Many different cameras and a wide range of software pass through my hands. Nevertheless, I am rarely persuaded to change my workflow. However, recently, I compared the raw results from different cameras through various software packages, and PhotoLab 6 blew my socks off.

DxO PhotoLab is primarily a raw developer, with browser and catalog functions. It's the image quality of the program's raw engine that is where its big advantage stands.

The PhotoLibrary

It took me a little while to get used to the PhotoLibrary. When I did, I could see that it was a powerful tool. In Lightroom, I have always used Collections, and PhotoLab 6 has a similar function called “Projects.” It is a quick and easy way of sorting and finding photos. For those who prefer to browse, there is a Folders browser too.
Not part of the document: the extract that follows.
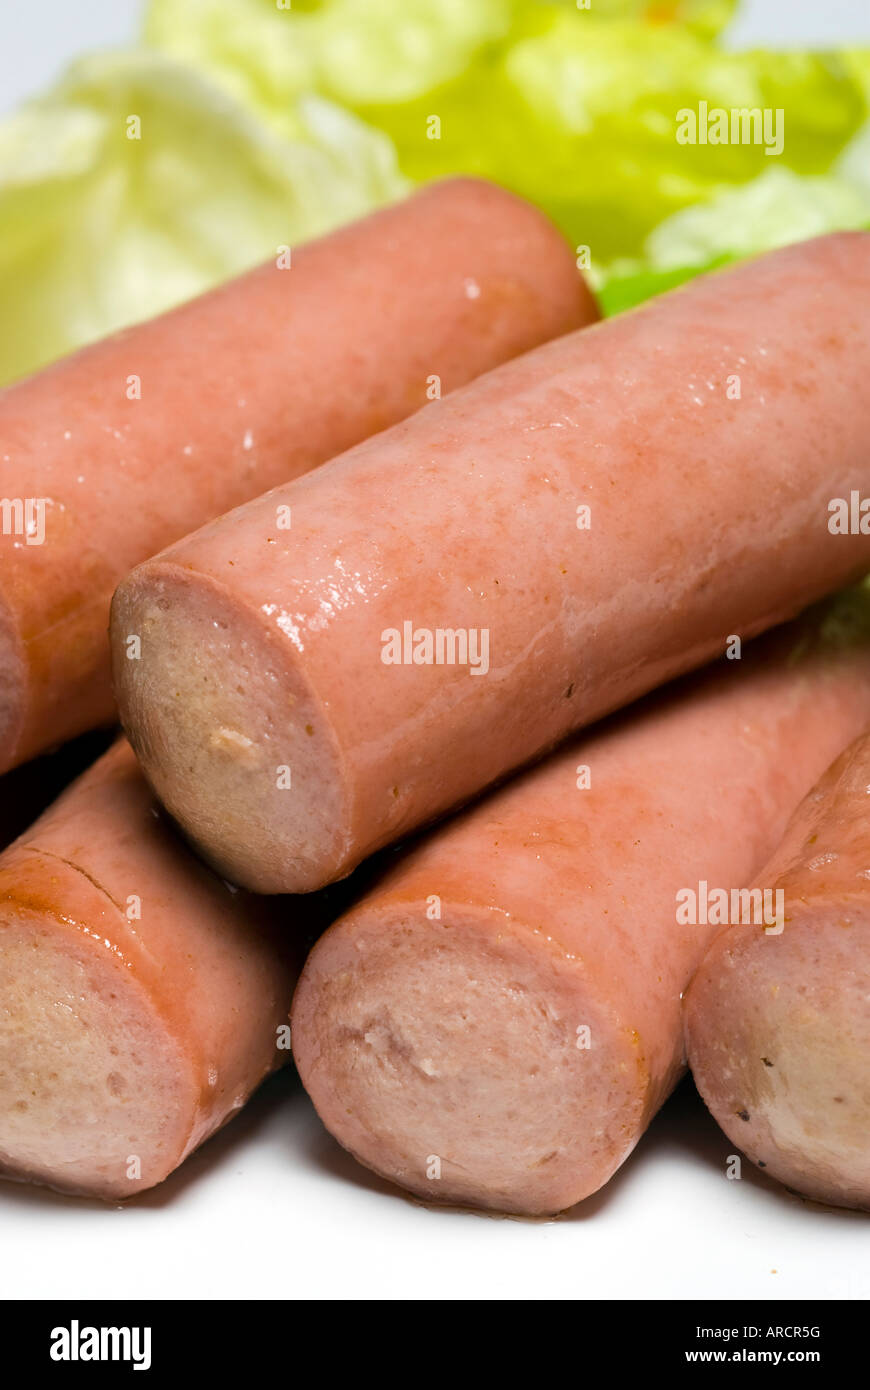 vienna sausage links made with chicken beef and pork in chicken broth Stock Photo

Bringing Your Photos into PhotoLab 6

The PhotoLibrary has no import function. Instead, one uses the browser screen to drag and drop the files from your memory card into the Folders browser. This moment is a good one to add photos to a Project. Then, one can rate the images, add keywords, set color labels, and so on. As with any catalog, this is worth doing as soon as possible, making it much easier to sort and find the photos later.
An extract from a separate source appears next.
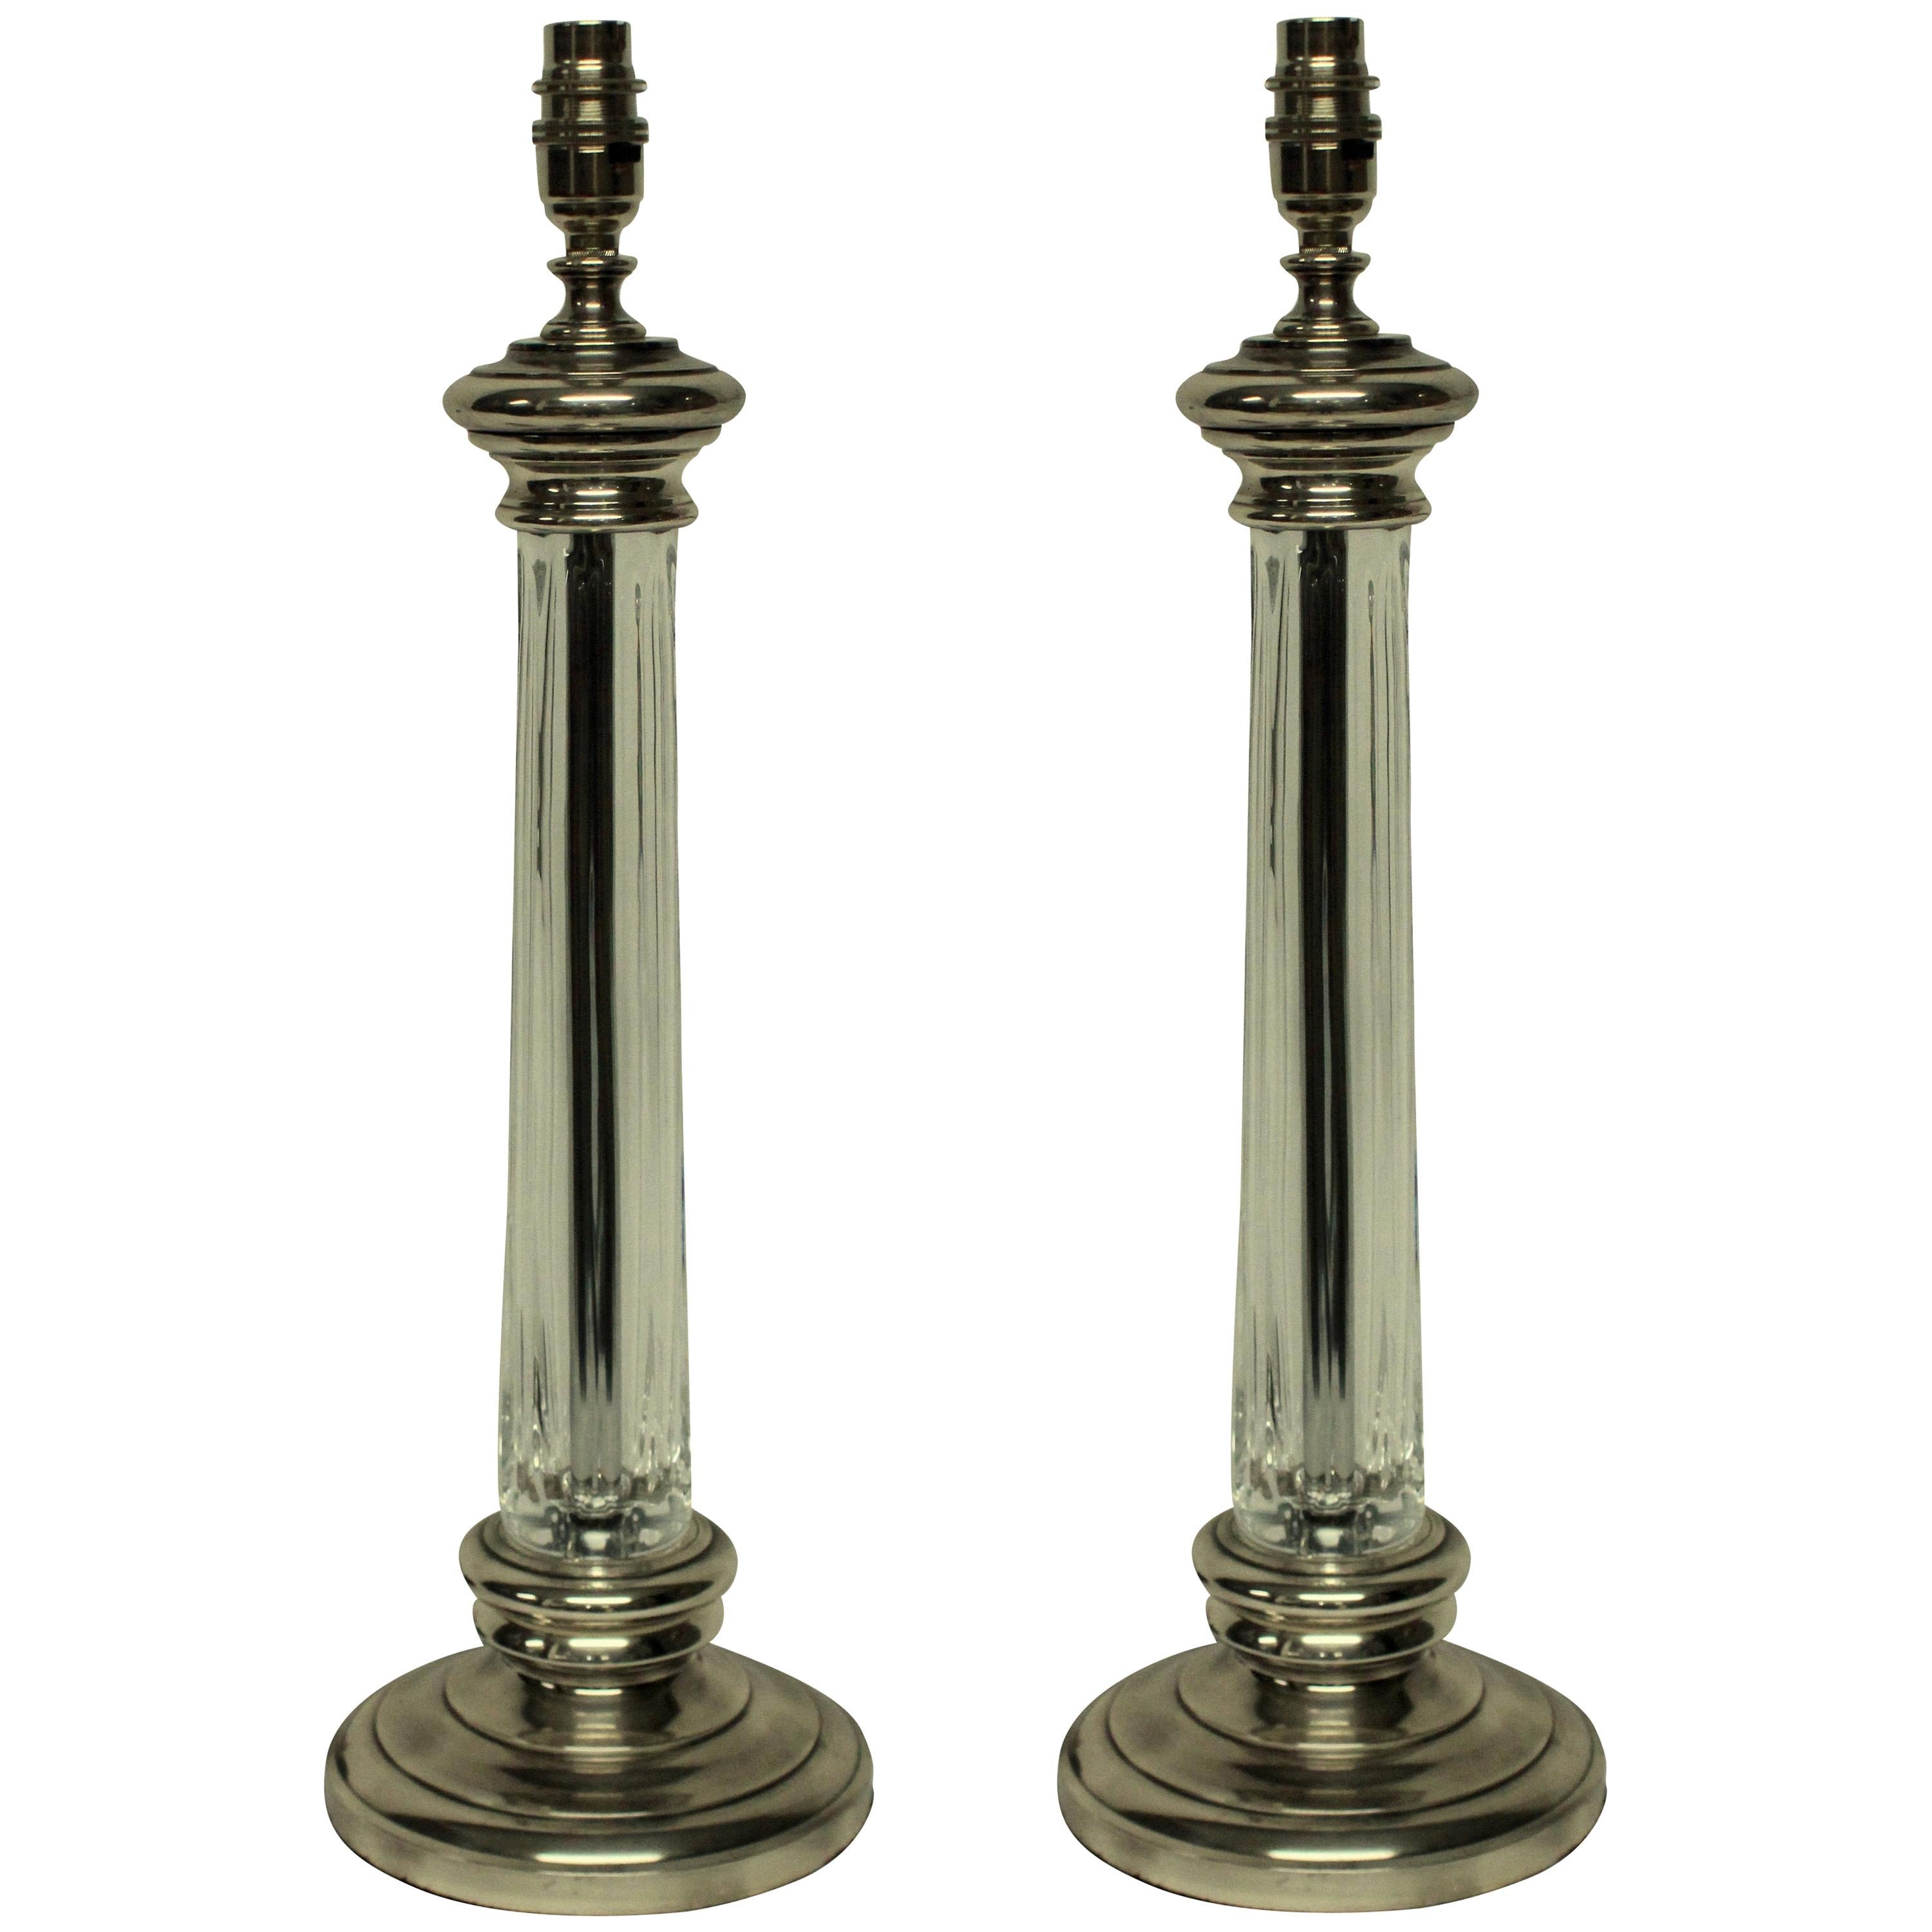 Pair of English Silver & Cut-Glass Column Lamps

Handy hint: I found it helpful to create a Project called All Photos and add every imported photo to it. Thus, it was easy to scroll through all my images, synchronize metadata, and search for keywords in all my pictures.

Using the PhotoLibrary

The PhotoLibrary is quick; I found it jumped between images with no lag. Selecting multiple photos at once allows you to add star ratings, color tags, and keywords to them all at once. There are new keyboard shortcuts to be learned for these, and there are more color tags than you find in other apps, including orange and pink.

As a devoted Lightroom catalog user, you can export photos to PhotoLab as DNG raw files with the PhotoLab adjustments applied to that program. The export function also allows you to send the files to a different application, write them to your hard drive, or upload them to Flickr.

If you have the DxO NIK collection, the PhotoLibrary is, of course, integrated with that. The Nik software is worth the investment, as it can take your processing to the next level.

What Are DxO Optics Modules?

DxO Laboratories are known for measuring the performance of lenses and cameras. It started when Jérôme Ménière founded Vision IQ back in 1994. He and other researchers produced a computer-aided surveillance system to detect drowning victims in swimming pools. It took seven years to develop and correct the lens flaws commonly found in camera equipment. It was from these beginnings that DxO Photolab evolved.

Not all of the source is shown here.